A receita do Fiat 500 sempre foi simples: um desenho que atravessa décadas sem perder charme. Agora, esse mesmo visual ganha uma nova leitura na versão 100% elétrica, criada para manter o modelo como um dos queridinhos de sempre - só que com emissões locais zero.
Depois de já termos guiado o carrinho em Turim, voltamos a encontrá-lo desta vez em Lisboa (Portugal), onde o Diogo Teixeira teve a chance de colocá-lo à prova para responder à pergunta que muita gente faz: será que este é o melhor 100% elétrico do segmento?
Com o Honda e como principal rival, o novo Fiat 500 mantém o estilo retrô que tanto sucesso lhe rendeu, mas recebeu um reforço tecnológico relevante. Boa parte disso aparece na cabine, com detalhes como o novo painel de instrumentos digital e o também novo sistema de infoentretenimento UConnect 5 - com uma tela de 10,25” e compatibilidade com Android Auto e Apple CarPlay sem fio - que chamam atenção logo de cara.
Além disso, o pequeno italiano não chega com um, nem com dois, mas com três formatos de carroceria. Assim, às versões de três portas e cabriolet, soma-se agora a variante 3+1, que traz uma pequena porta lateral com abertura invertida - como nos Mazda MX-30 e BMW i3 - do lado do passageiro.
Dois motores, duas baterias
Não é só na carroceria que o novo Fiat 500 oferece diferentes opções: o mesmo vale para potência e bateria. Assim, a versão de entrada, com o nível de equipamentos Action e disponível apenas na configuração de três portas, vem com um motor elétrico menos potente, de 95 cv (70 kW), e uma bateria de menor capacidade, com 23,8 kWh.
Ela pode ser carregada em carga rápida de até 50 kW e entrega autonomia de 180 km (ciclo WLTP) ou 240 km (ciclo WLTP cidade). Nesse caso, o 500 faz 0–100 km/h em 9,5 segundos e tem a velocidade máxima limitada a 135 km/h.
Já as demais versões aparecem com um motor de 118 cv (87 kW), alimentado por uma bateria de 42 kWh, que permite autonomia de 320 km (ciclo WLTP) a 460 km (ciclo WLTP cidade).
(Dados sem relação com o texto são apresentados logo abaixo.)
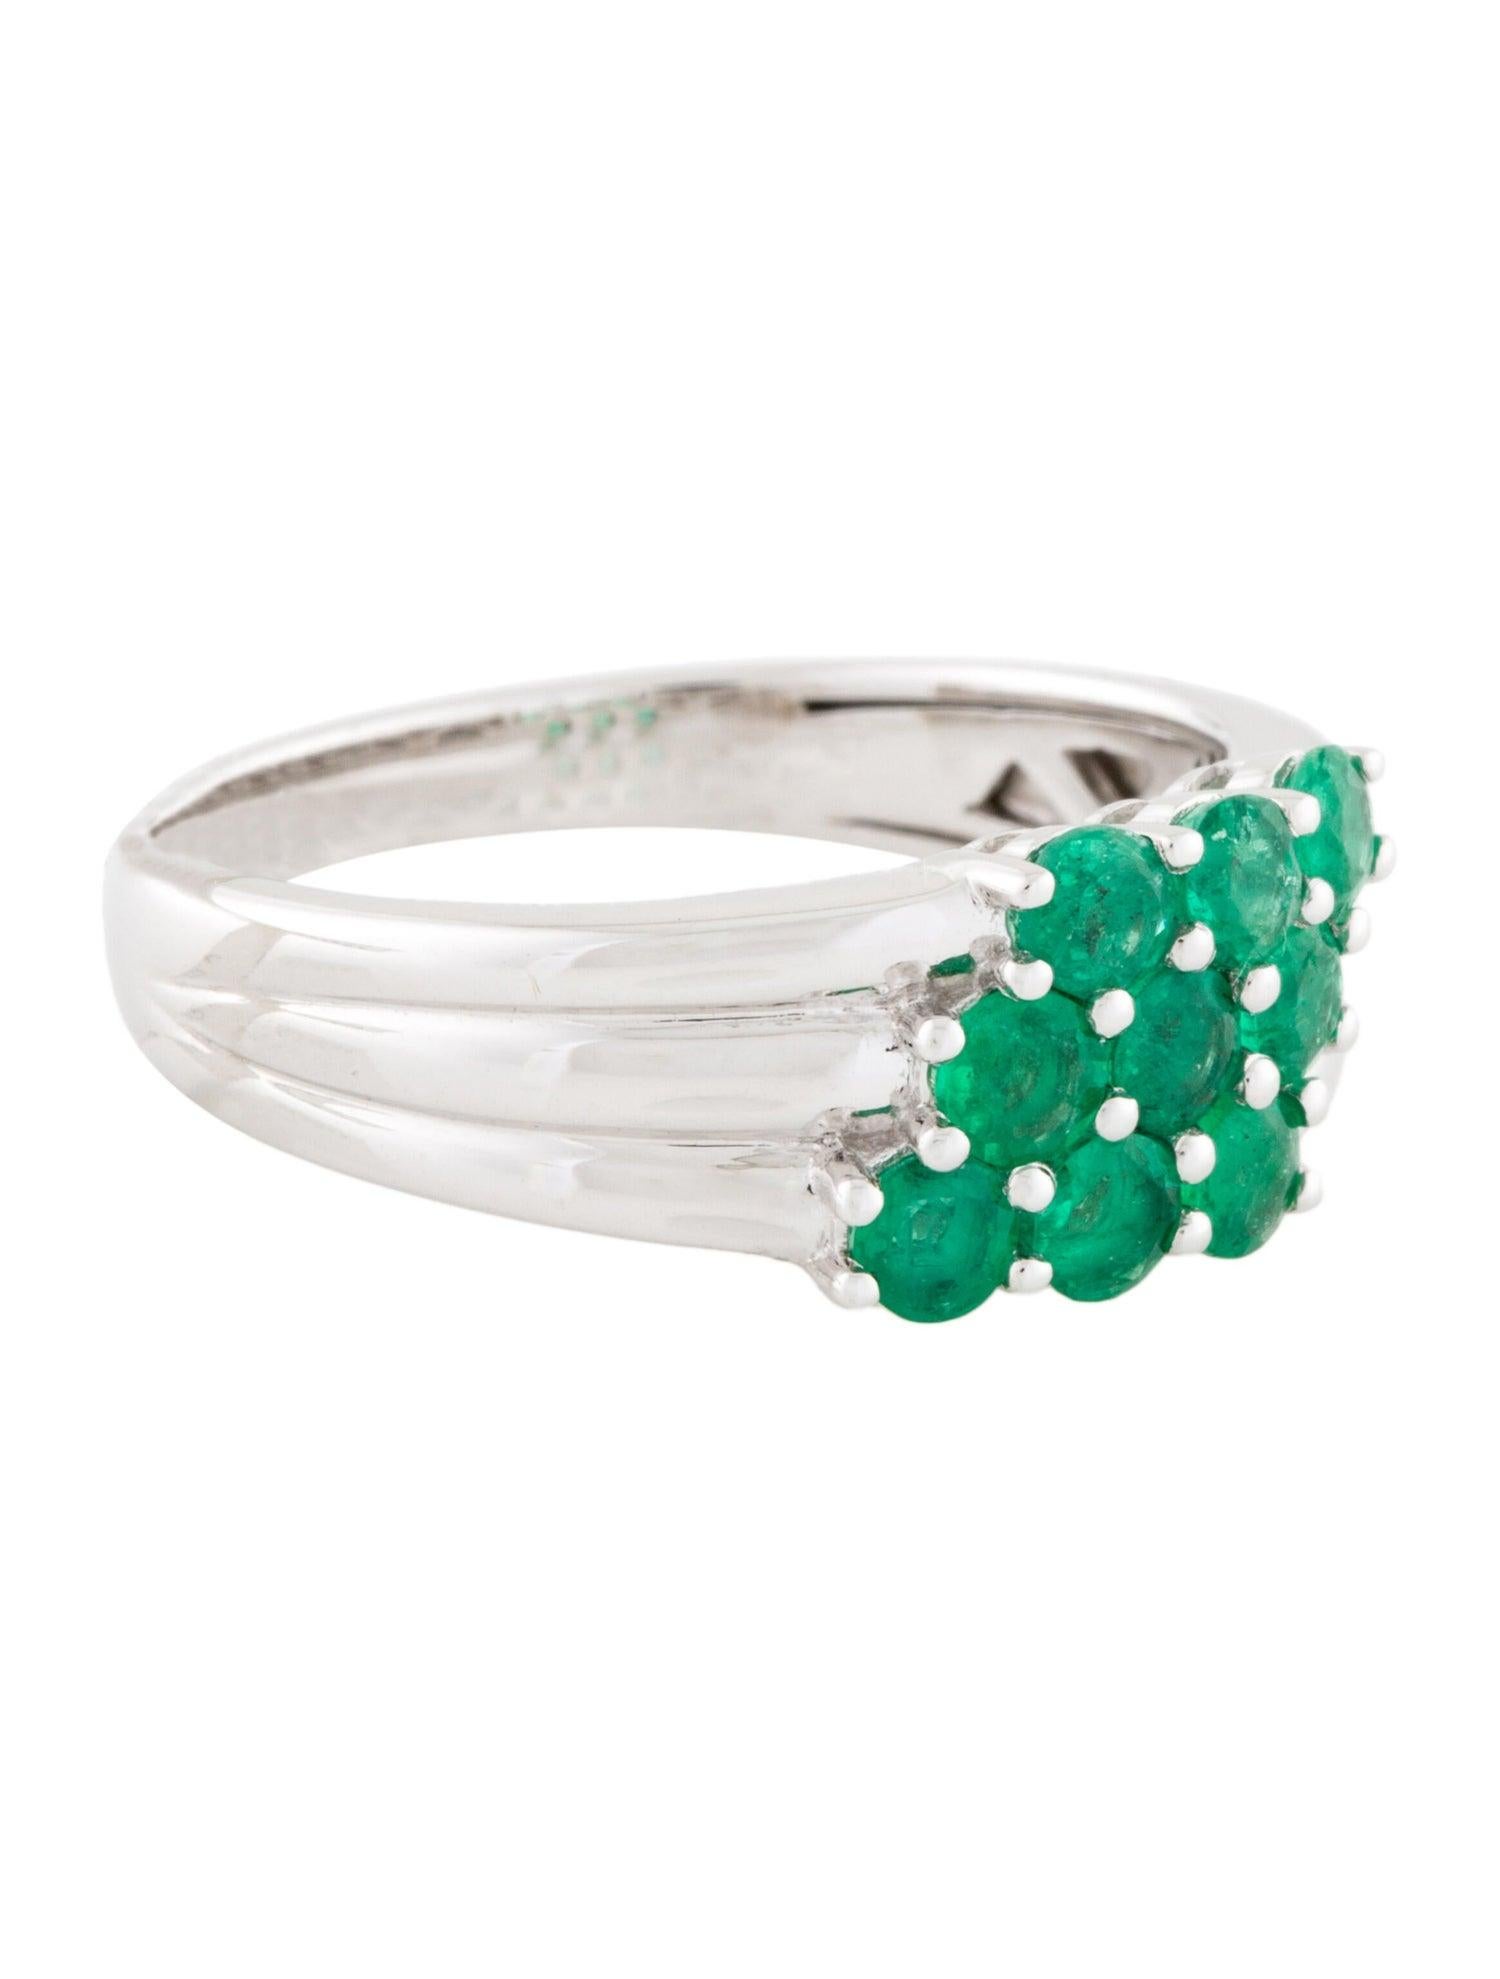 Immerse yourself in the captivating allure of our Forest Ferns collection with the Enchanted Emerald Ring. This exquisite piece features a resplendent emerald that captures the essence of lush, verdant forests. Crafted with meticulous attention to

Em desempenho, esse conjunto permite chegar aos 50 km/h em 3,1 s, aos 100 km/h em 9 s e aos 150 km/h de velocidade máxima (limitada).
E o carregamento?
No total, o Fiat 500 conta com três modos de condução: Normal, Range e Sherpa. Quando o assunto é recarga, a potência de carregamento rápido muda - como era de se esperar - de acordo com a bateria instalada no compacto da marca de Turim.
Começando pela bateria menor, de 23,8 kWh, os Fiat 500 equipados com ela trazem um sistema de carregamento rápido de 50 kW, capaz de recuperar cerca de 50 km de autonomia em aproximadamente 10 minutos. Além disso, ela também pode ser carregada em casa com o cabo Modo 2 (3 kW) ou em postos públicos ou numa wallbox com o cabo Modo 3 trifásico de 11 kW.
Quanto à bateria de 42 kW, os Fiat 500 que vêm com ela são equipados com um sistema de carregamento rápido de 85 kW. Isso significa que, em apenas 5 minutos, é possível repor 50 km de autonomia e, em 35 minutos, recarregar a bateria até 80%.
Além disso, essa bateria também pode ser recarregada em uma tomada de até 3 kW ou então numa wallbox de até 7,4 kW - e, nesse caso, dá para carregar 100% da bateria em seis horas.